### ACTIVITY
All the lines below need retyping exactly, apart from the images.

### DATA BELOW
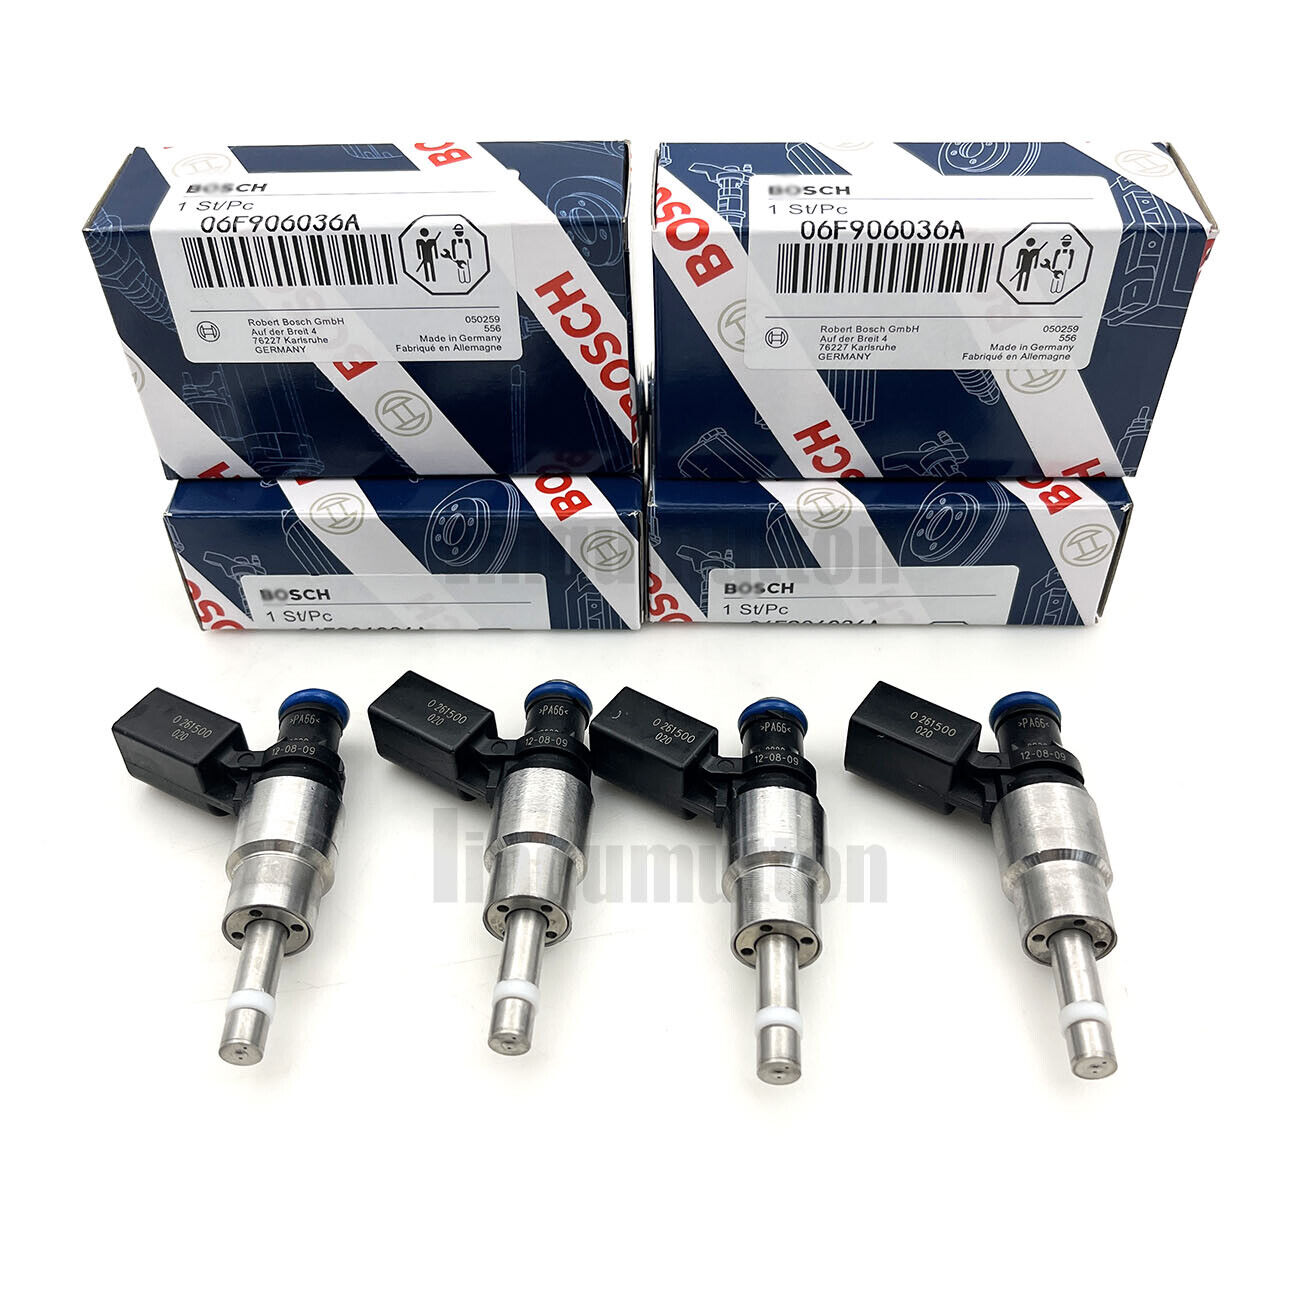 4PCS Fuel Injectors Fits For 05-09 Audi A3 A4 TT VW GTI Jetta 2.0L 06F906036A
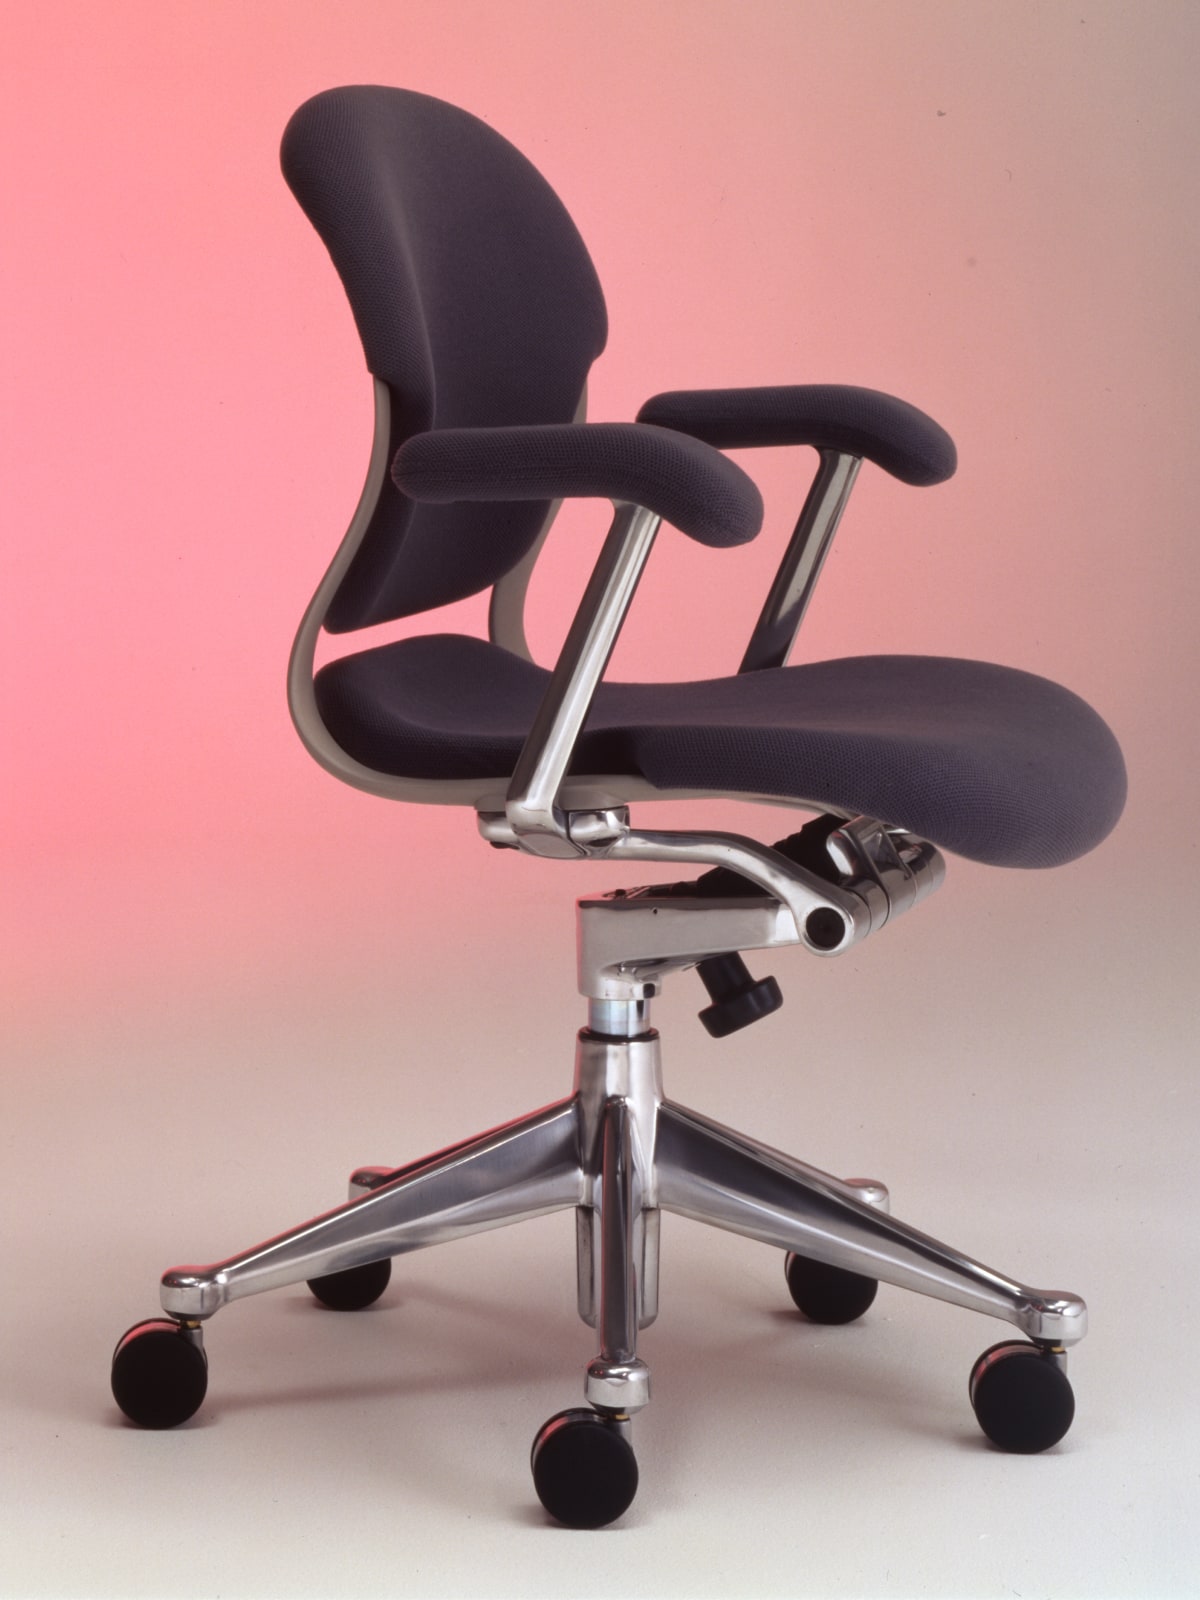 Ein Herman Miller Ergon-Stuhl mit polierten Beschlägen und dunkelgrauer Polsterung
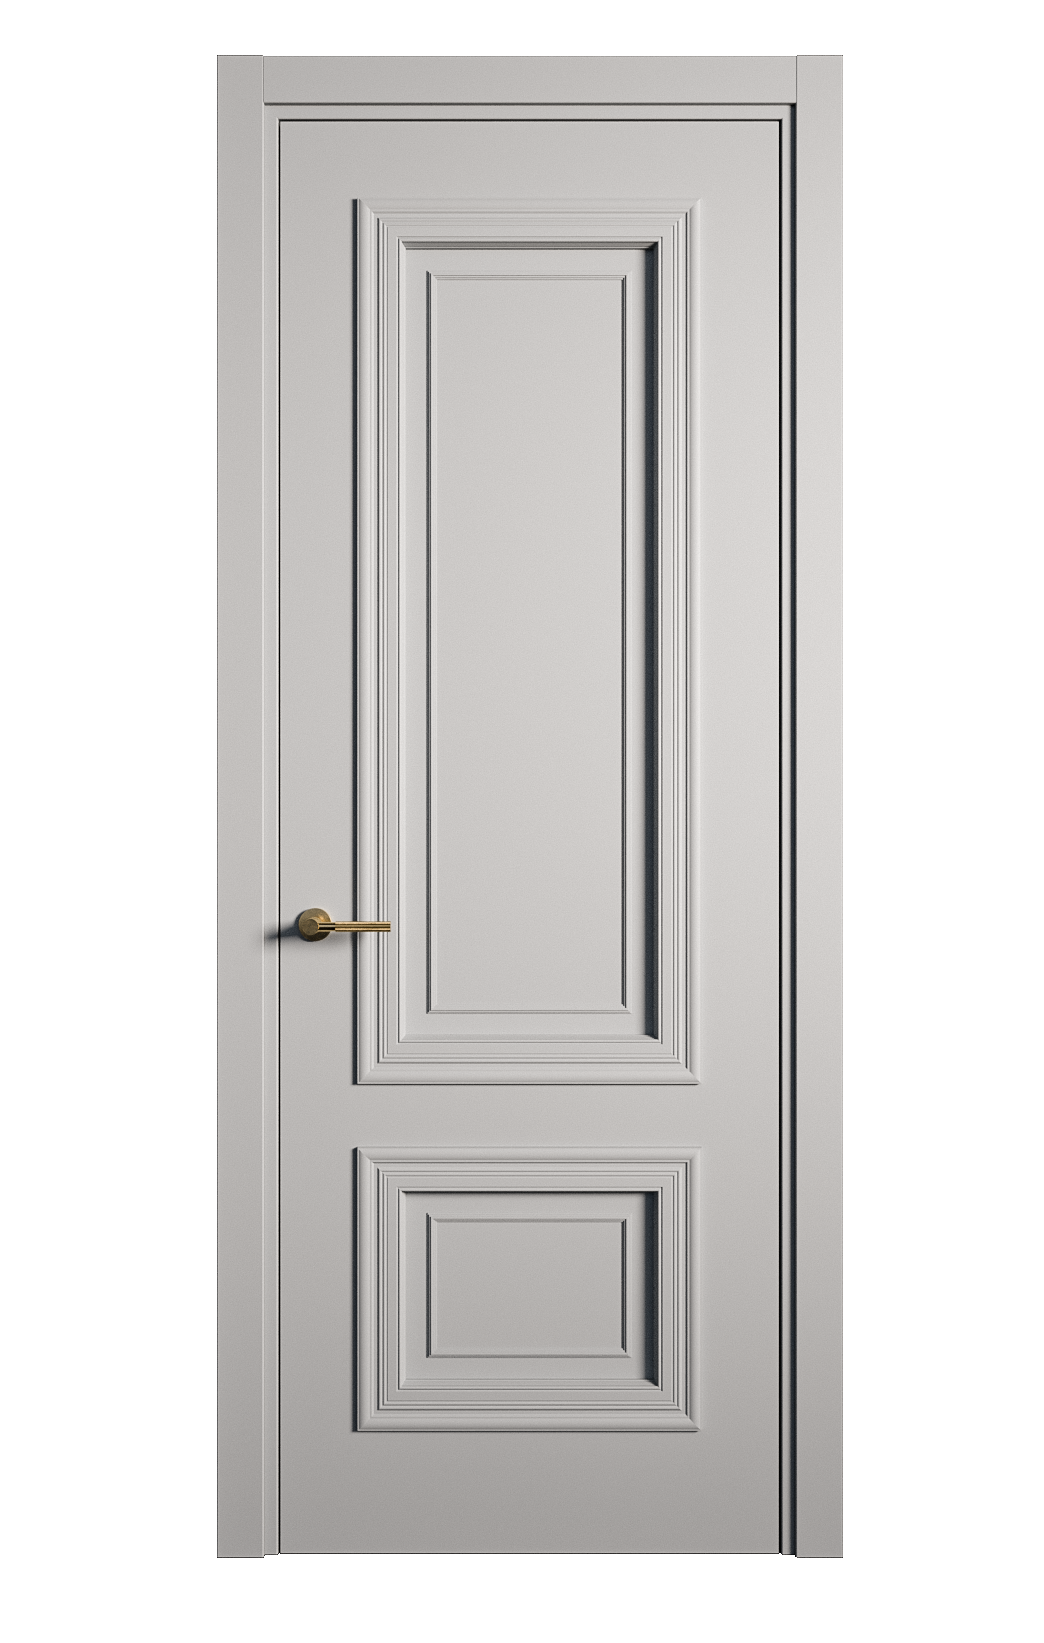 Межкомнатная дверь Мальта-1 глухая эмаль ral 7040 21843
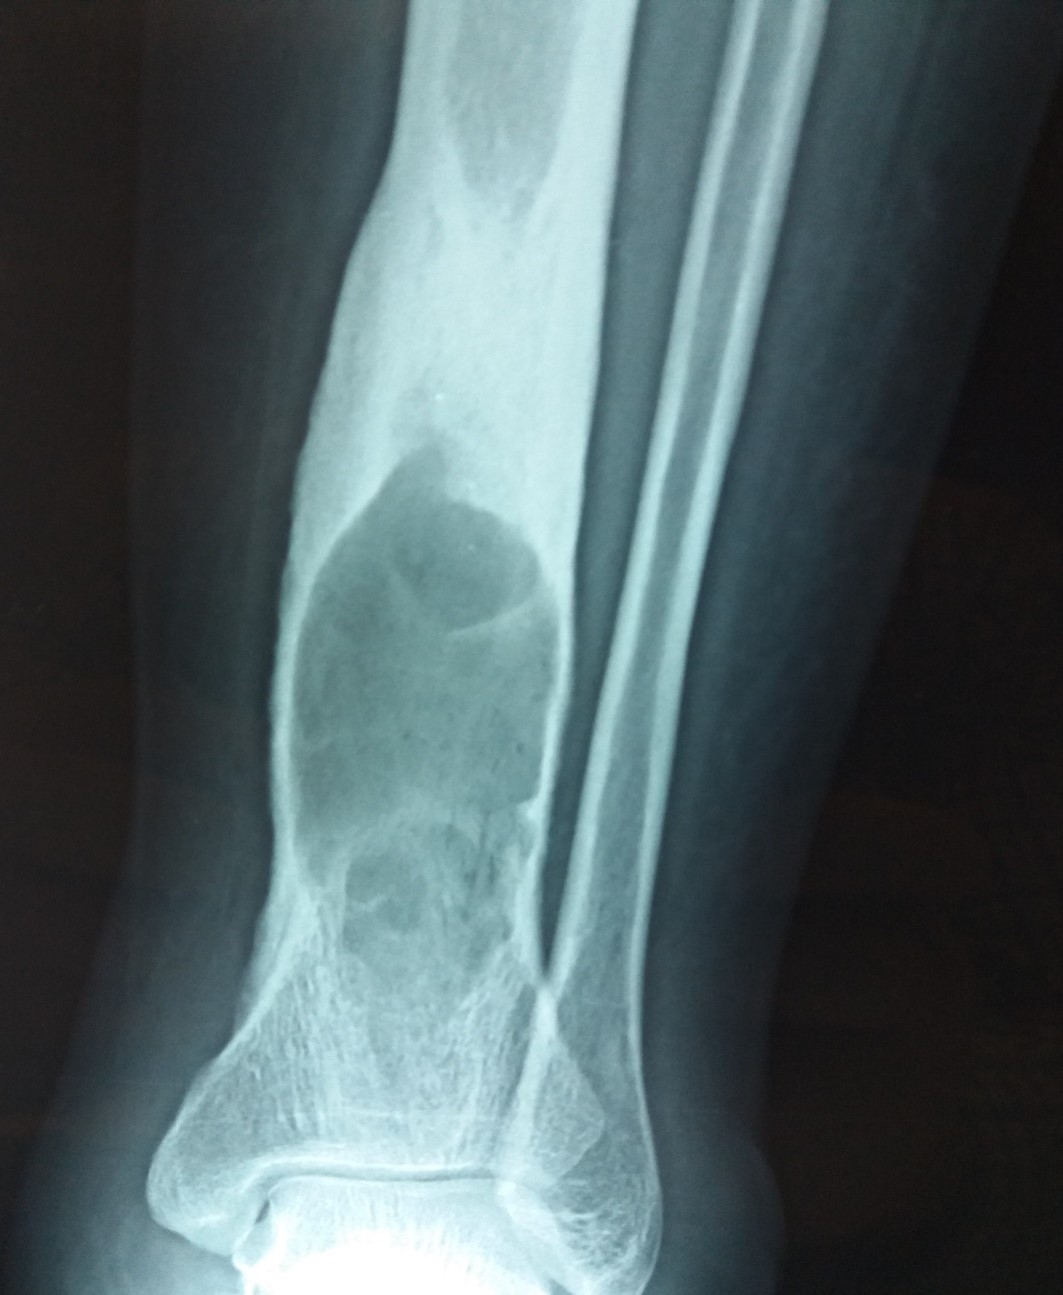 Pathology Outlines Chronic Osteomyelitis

### RESPONSE TO THE TASK
 4PCS Fuel Injectors Fits For 05-09 Audi A3 A4 TT VW GTI Jetta 2.0L 06F906036A
 Ein Herman Miller Ergon-Stuhl mit polierten Beschlägen und dunkelgrauer Polsterung
 Межкомнатная дверь Мальта-1 глухая эмаль ral 7040 21843
 Pathology Outlines Chronic Osteomyelitis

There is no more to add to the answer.